BEGIN Exercise data
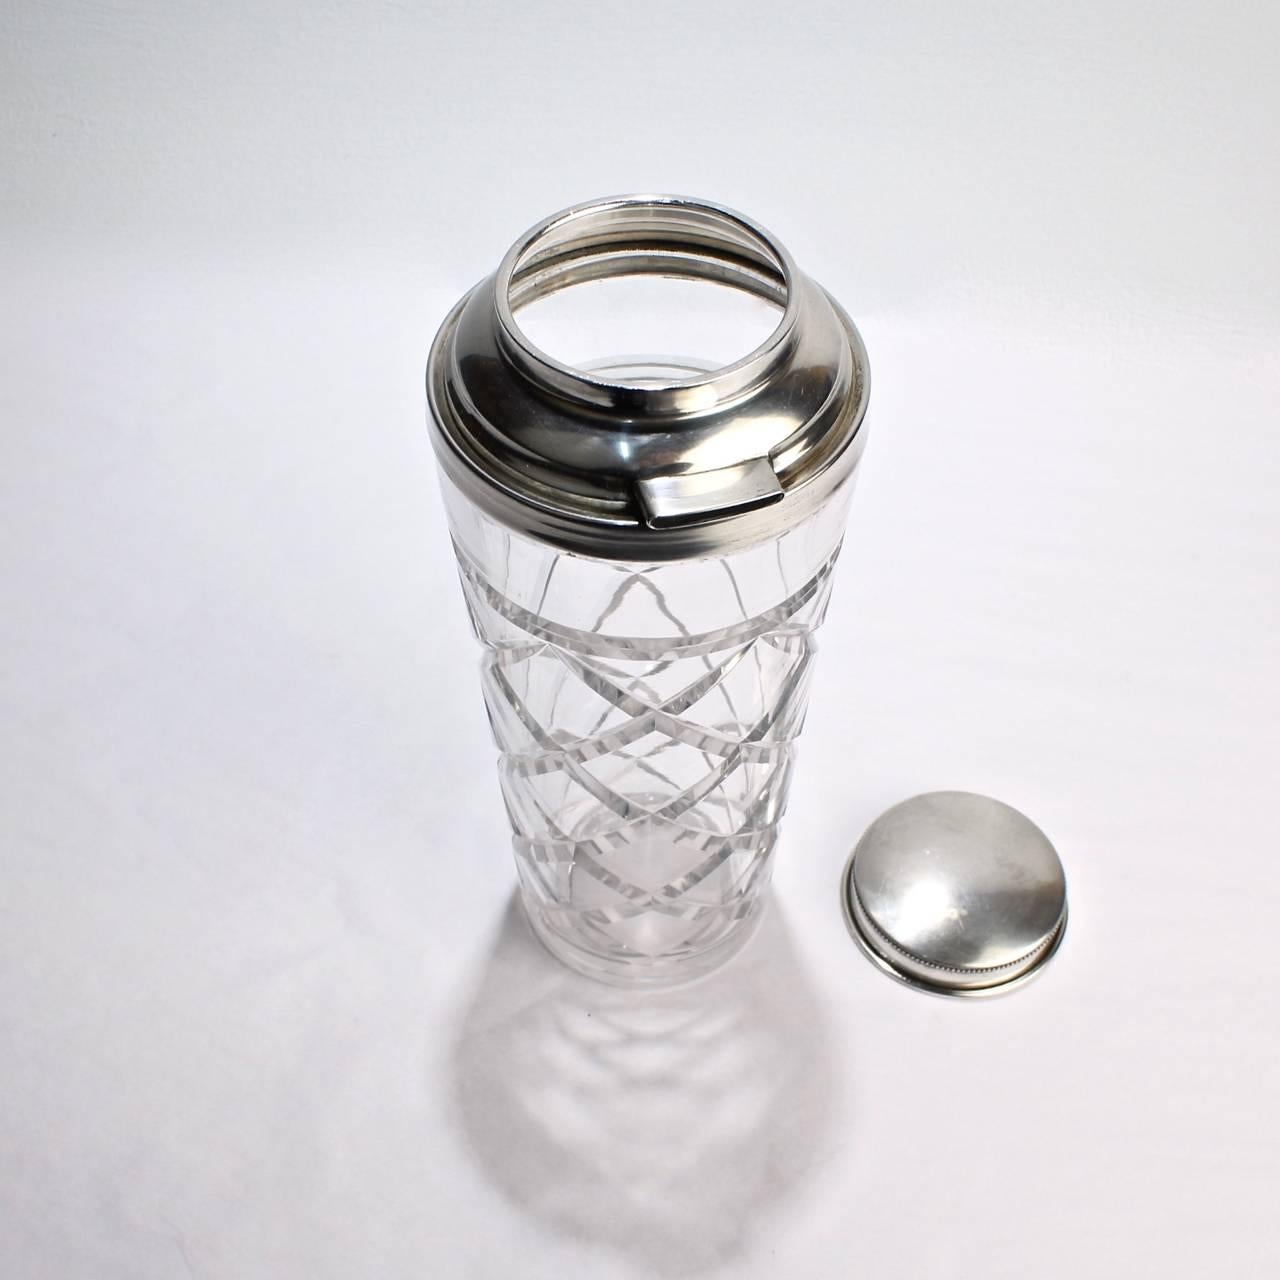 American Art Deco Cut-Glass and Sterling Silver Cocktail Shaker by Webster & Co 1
END Exercise data
BEGIN Exercise data
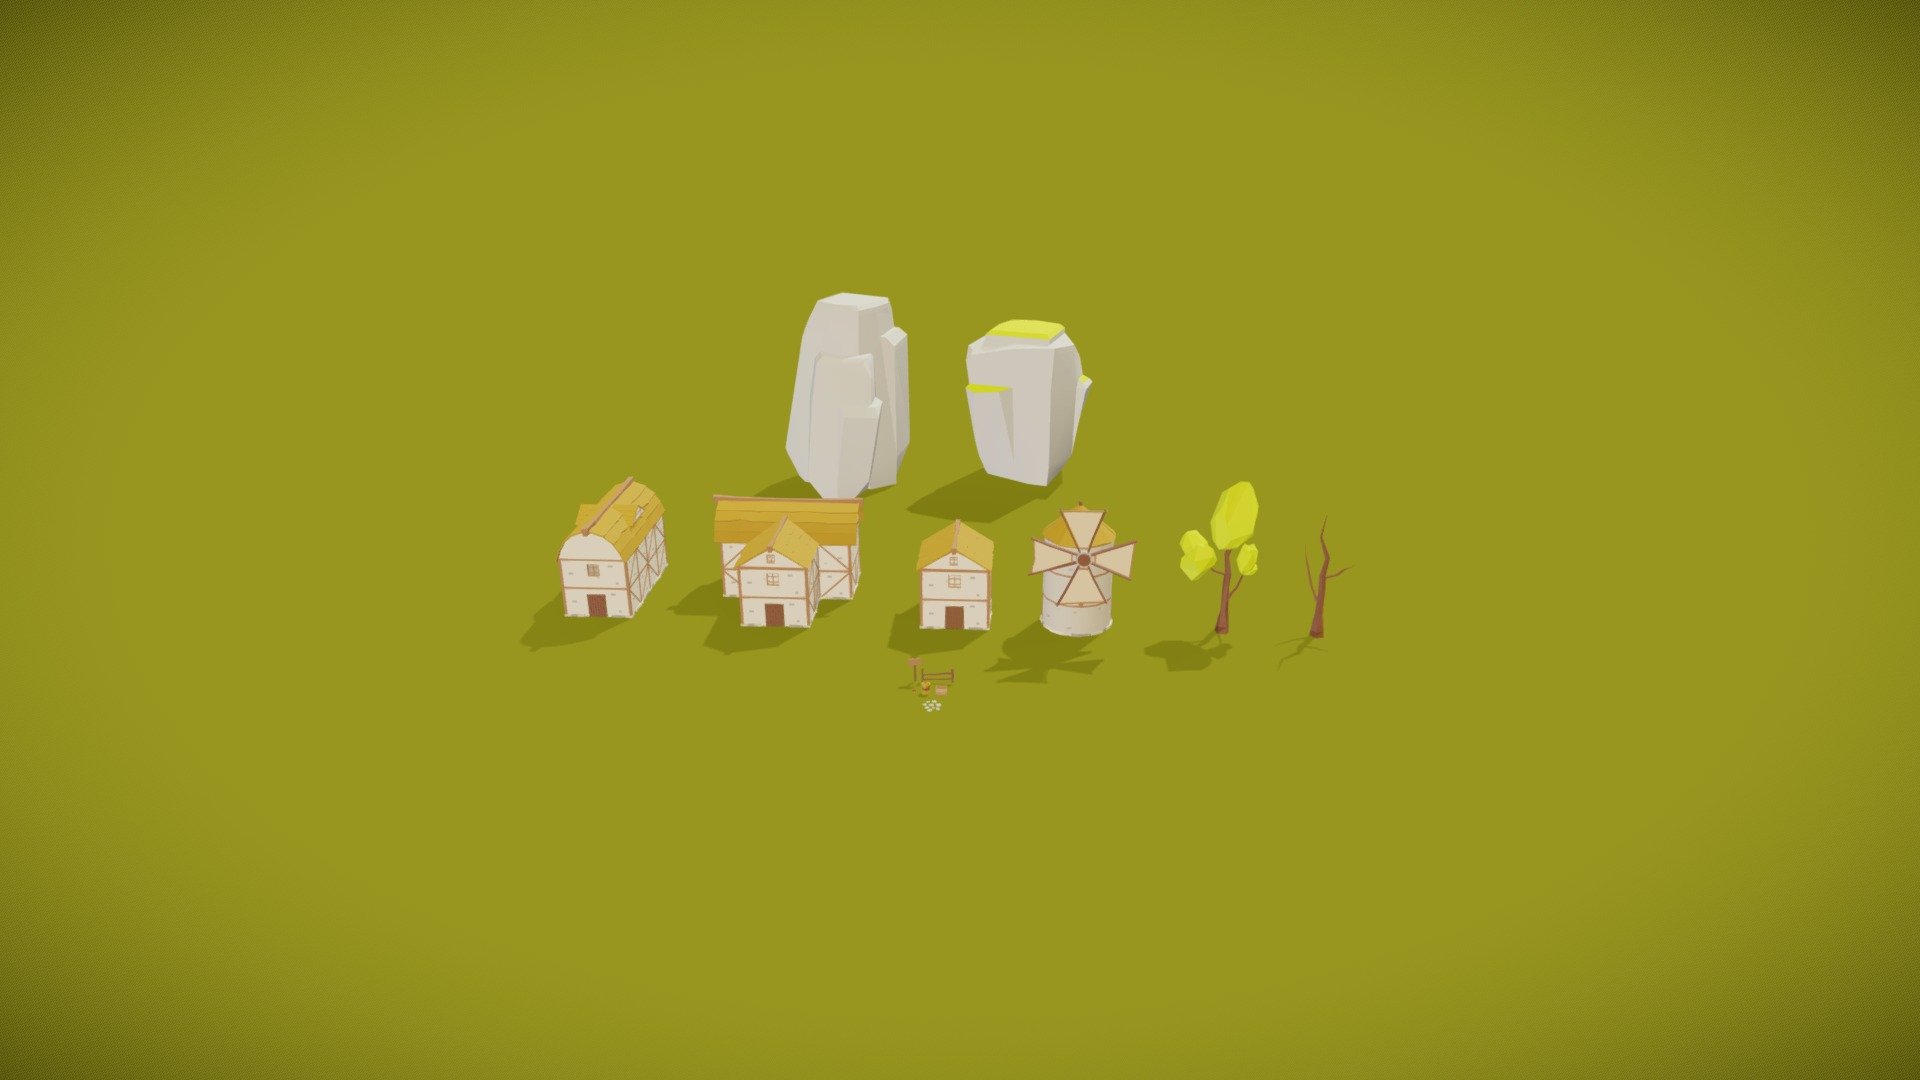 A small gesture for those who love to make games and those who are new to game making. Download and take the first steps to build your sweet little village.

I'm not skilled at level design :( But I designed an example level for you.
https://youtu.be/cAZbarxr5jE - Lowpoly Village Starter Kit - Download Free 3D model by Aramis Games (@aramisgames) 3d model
END Exercise data
**Work task**
Here the job is to set down exactly the lines of the material above that fall between the one with "I'm not skilled" and the one with "https://youtu.be/cAZbarxr5jE - Lowpoly", inclusive, and nothing beyond them.

**Answer to this task**
I'm not skilled at level design :( But I designed an example level for you.
https://youtu.be/cAZbarxr5jE - Lowpoly Village Starter Kit - Download Free 3D model by Aramis Games (@aramisgames) 3d model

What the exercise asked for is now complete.